● **WORK INSTRUCTION**: Print a faithful copy of the data below, word for word, with the pictures left out.

● **COLLECTED DATA**:
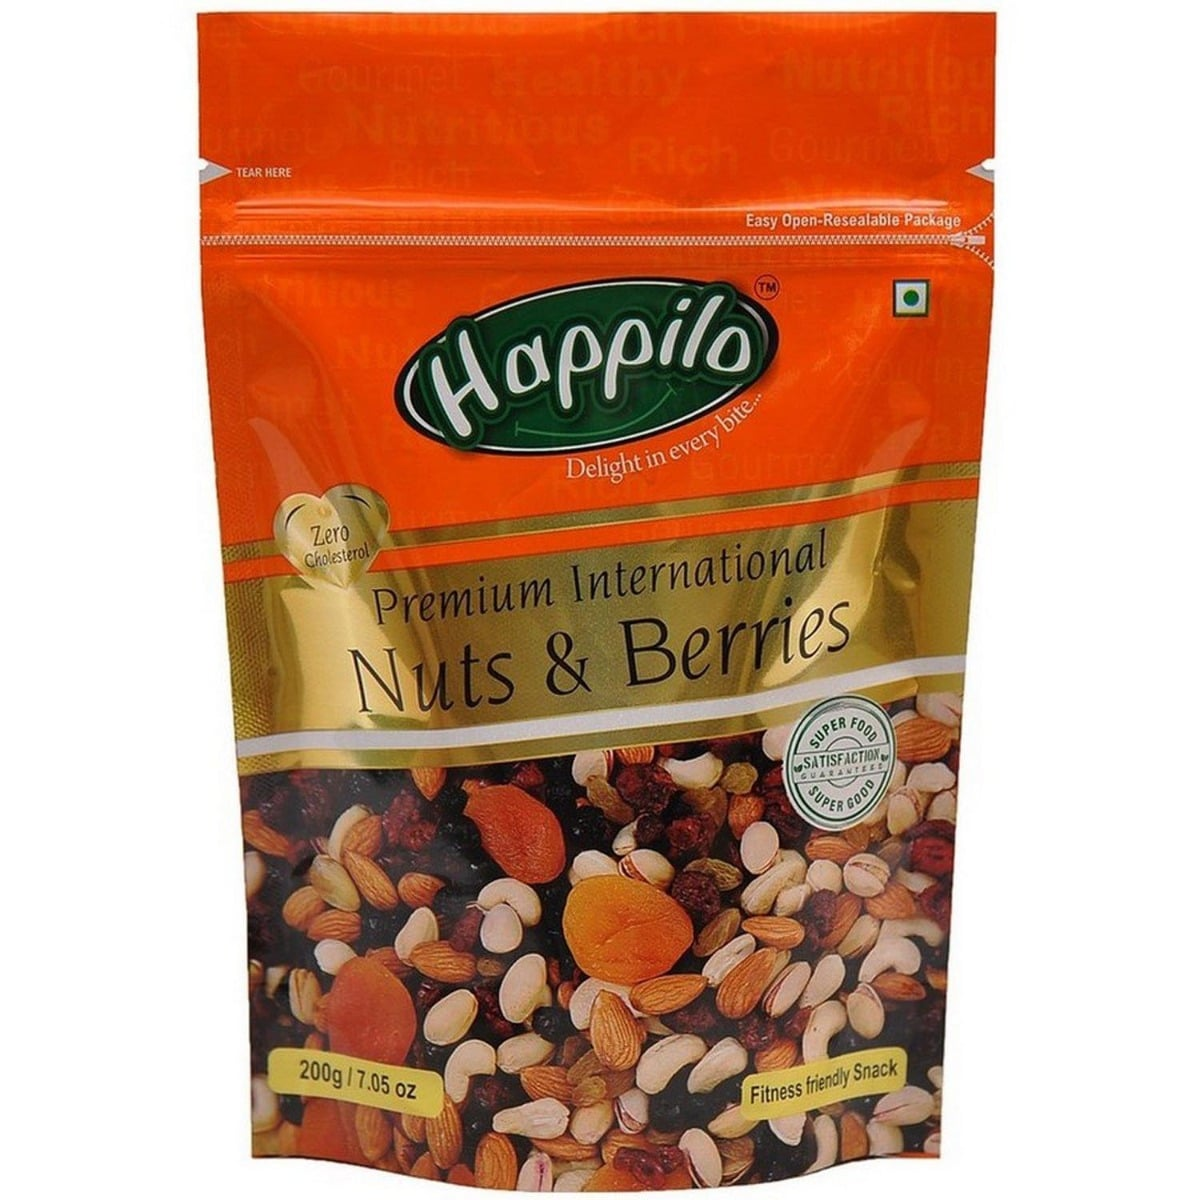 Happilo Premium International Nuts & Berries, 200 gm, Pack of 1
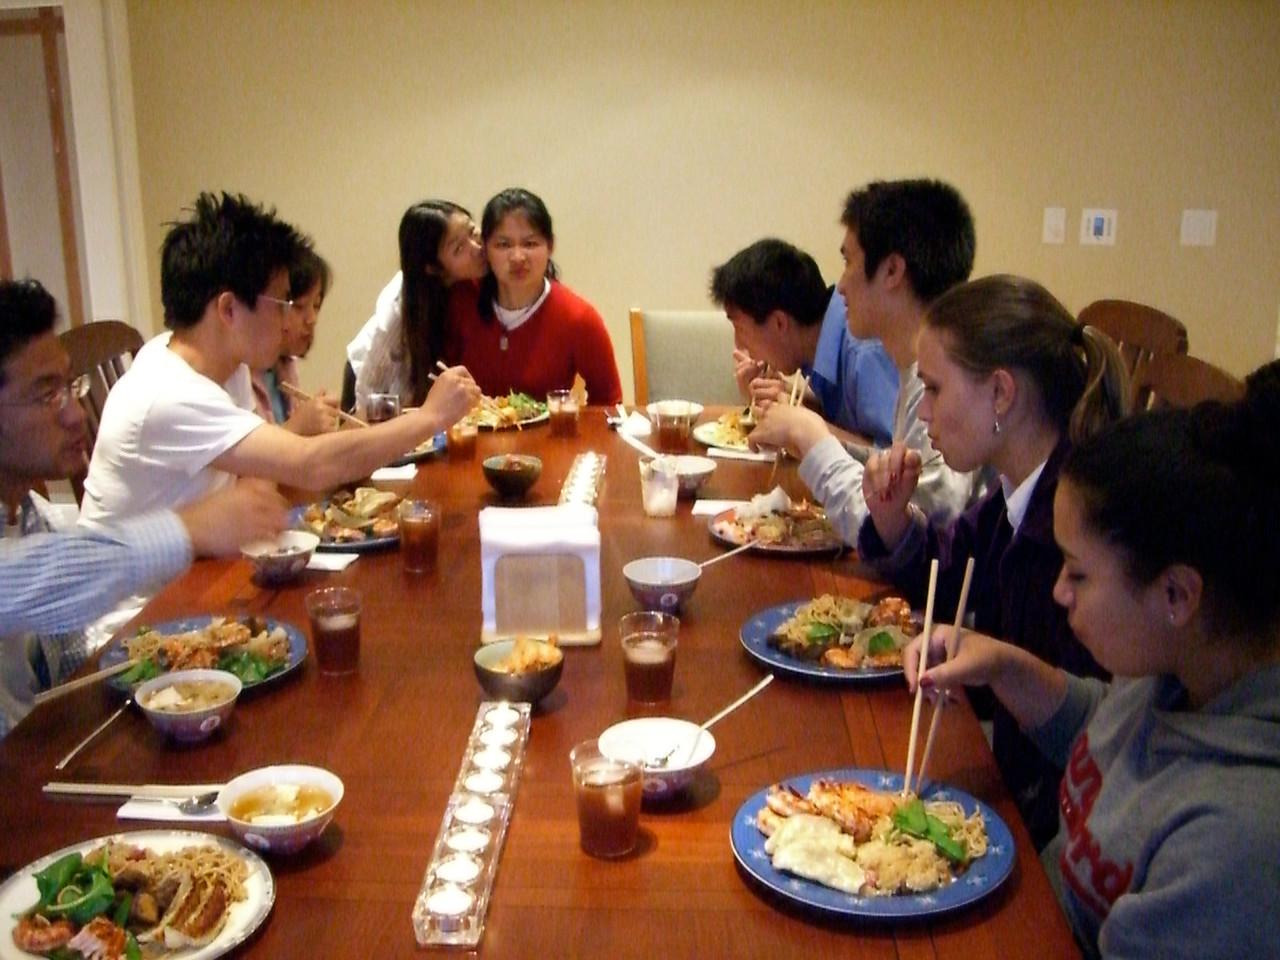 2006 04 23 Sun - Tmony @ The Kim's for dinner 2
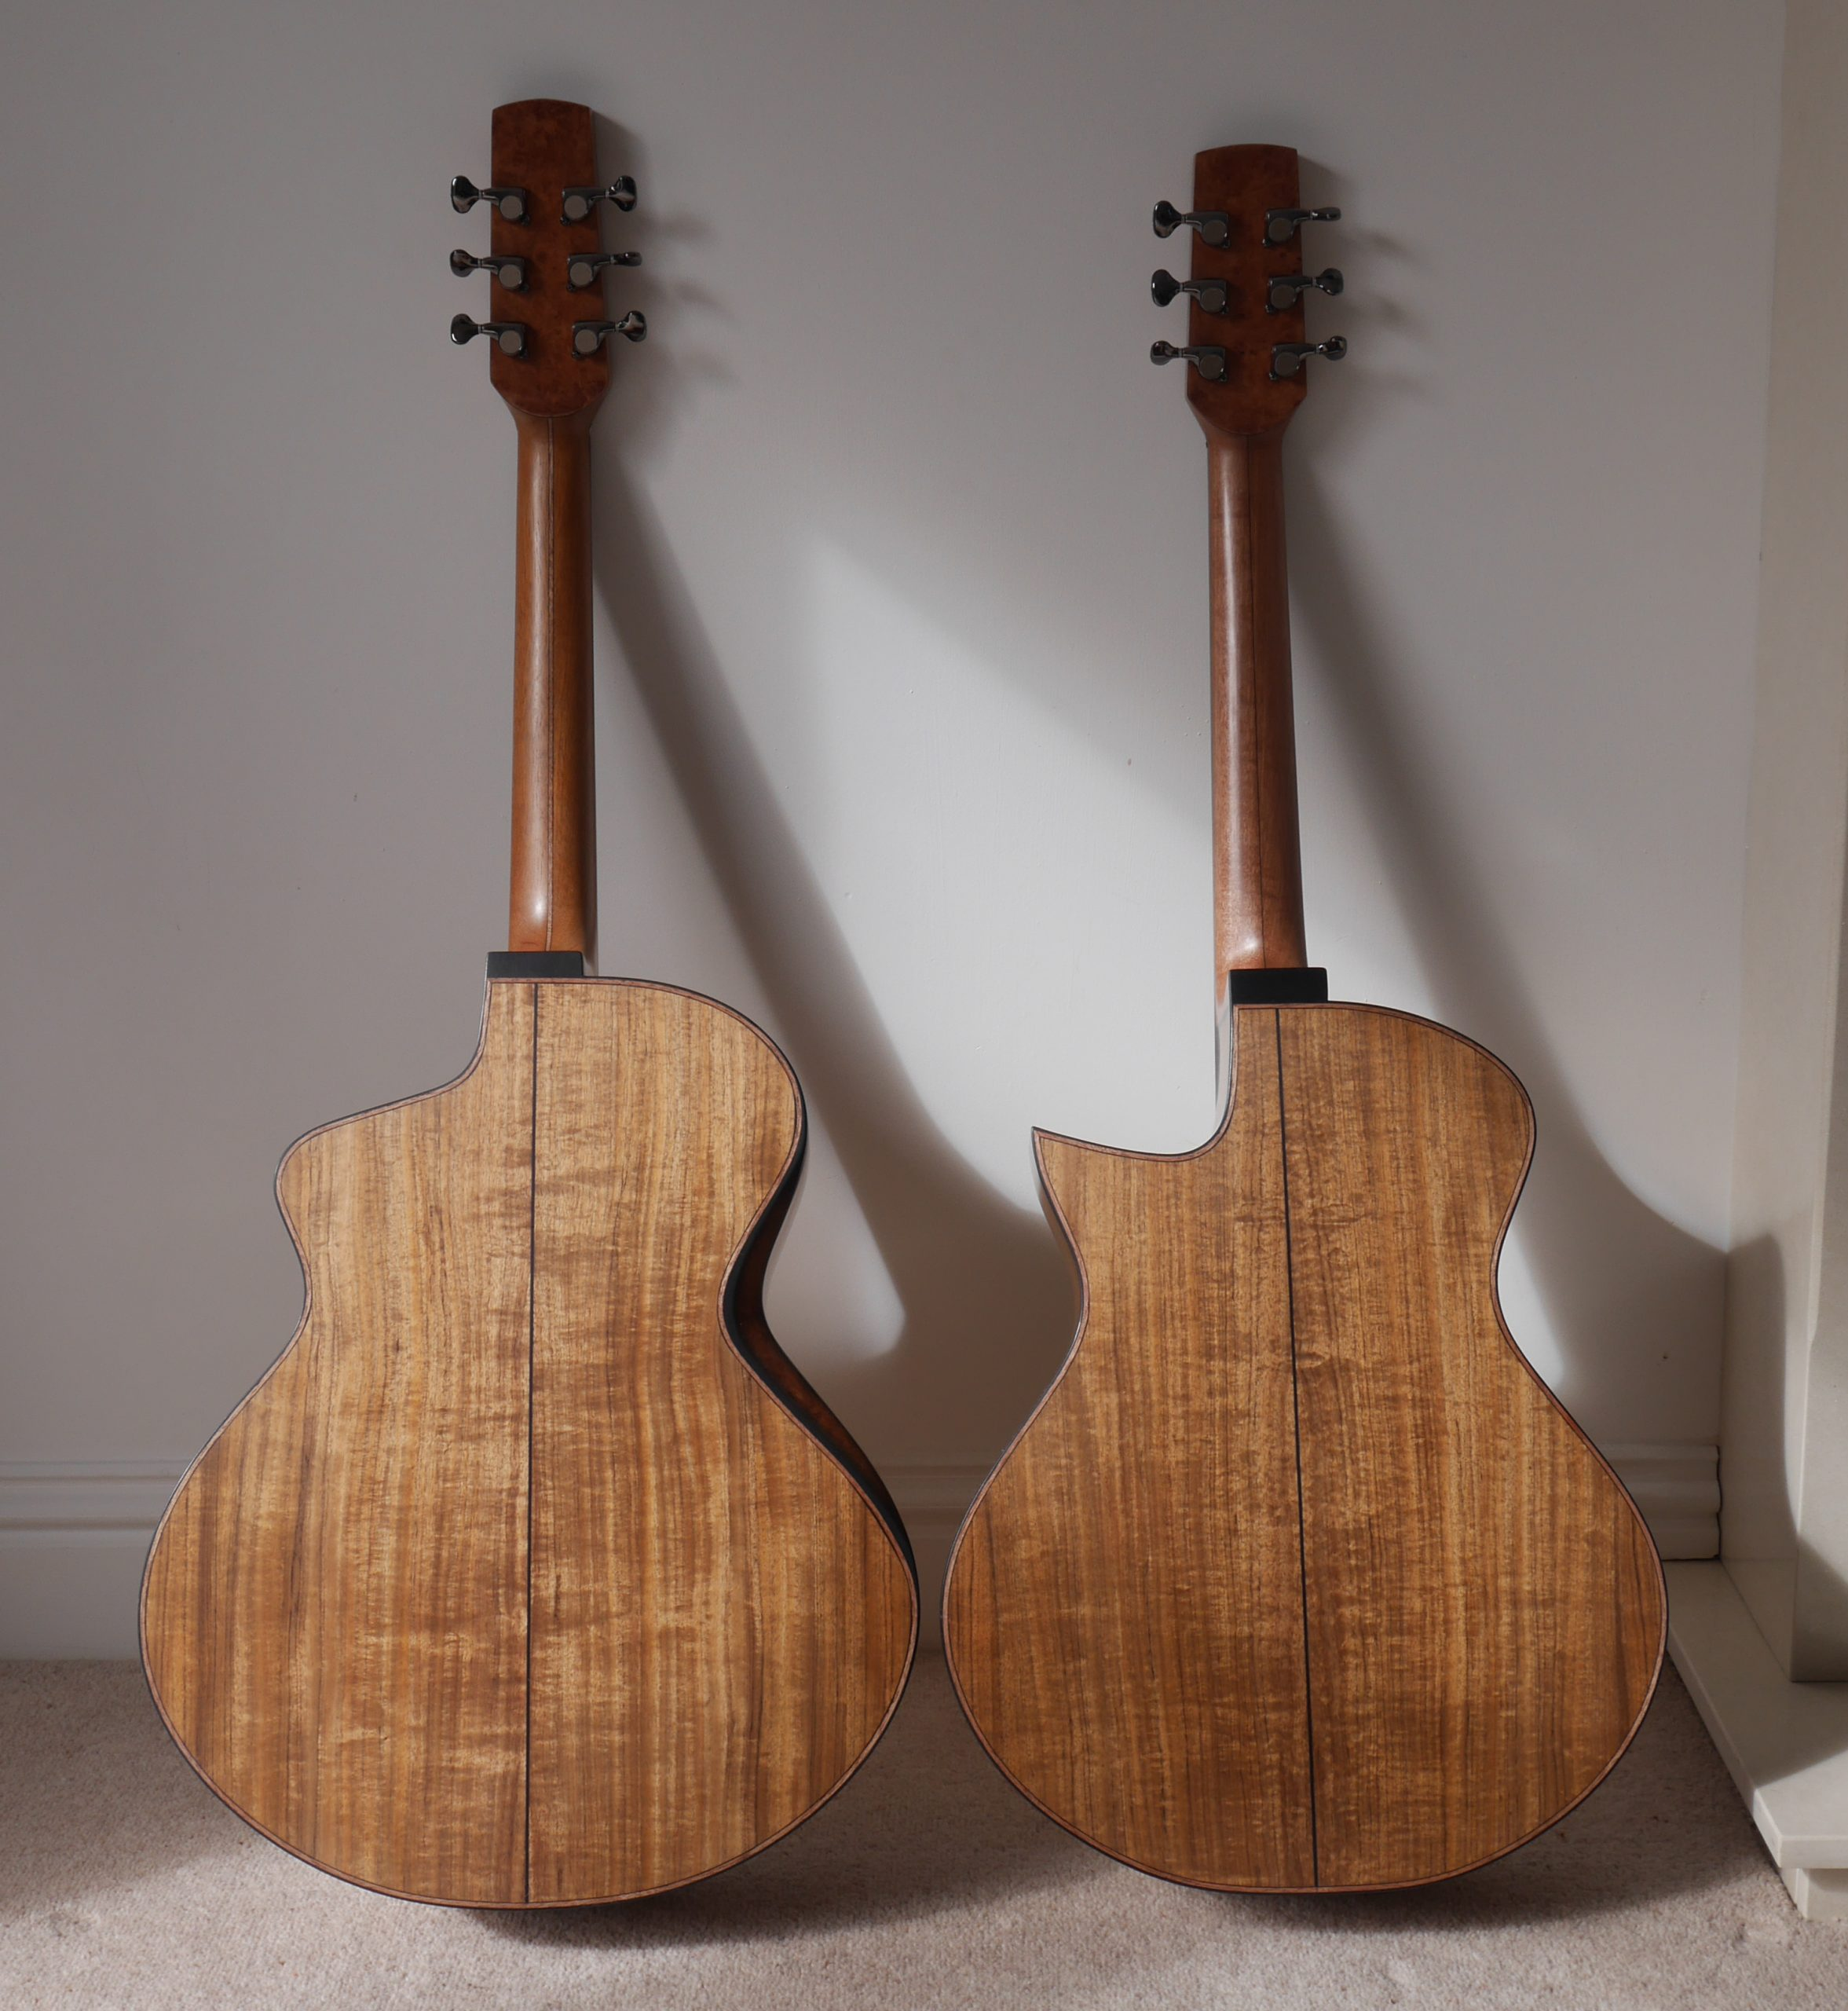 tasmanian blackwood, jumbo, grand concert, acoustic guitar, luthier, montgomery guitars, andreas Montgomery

● **RESPONSE TO THE TASK**:
 Happilo Premium International Nuts & Berries, 200 gm, Pack of 1
 2006 04 23 Sun - Tmony @ The Kim's for dinner 2
 tasmanian blackwood, jumbo, grand concert, acoustic guitar, luthier, montgomery guitars, andreas Montgomery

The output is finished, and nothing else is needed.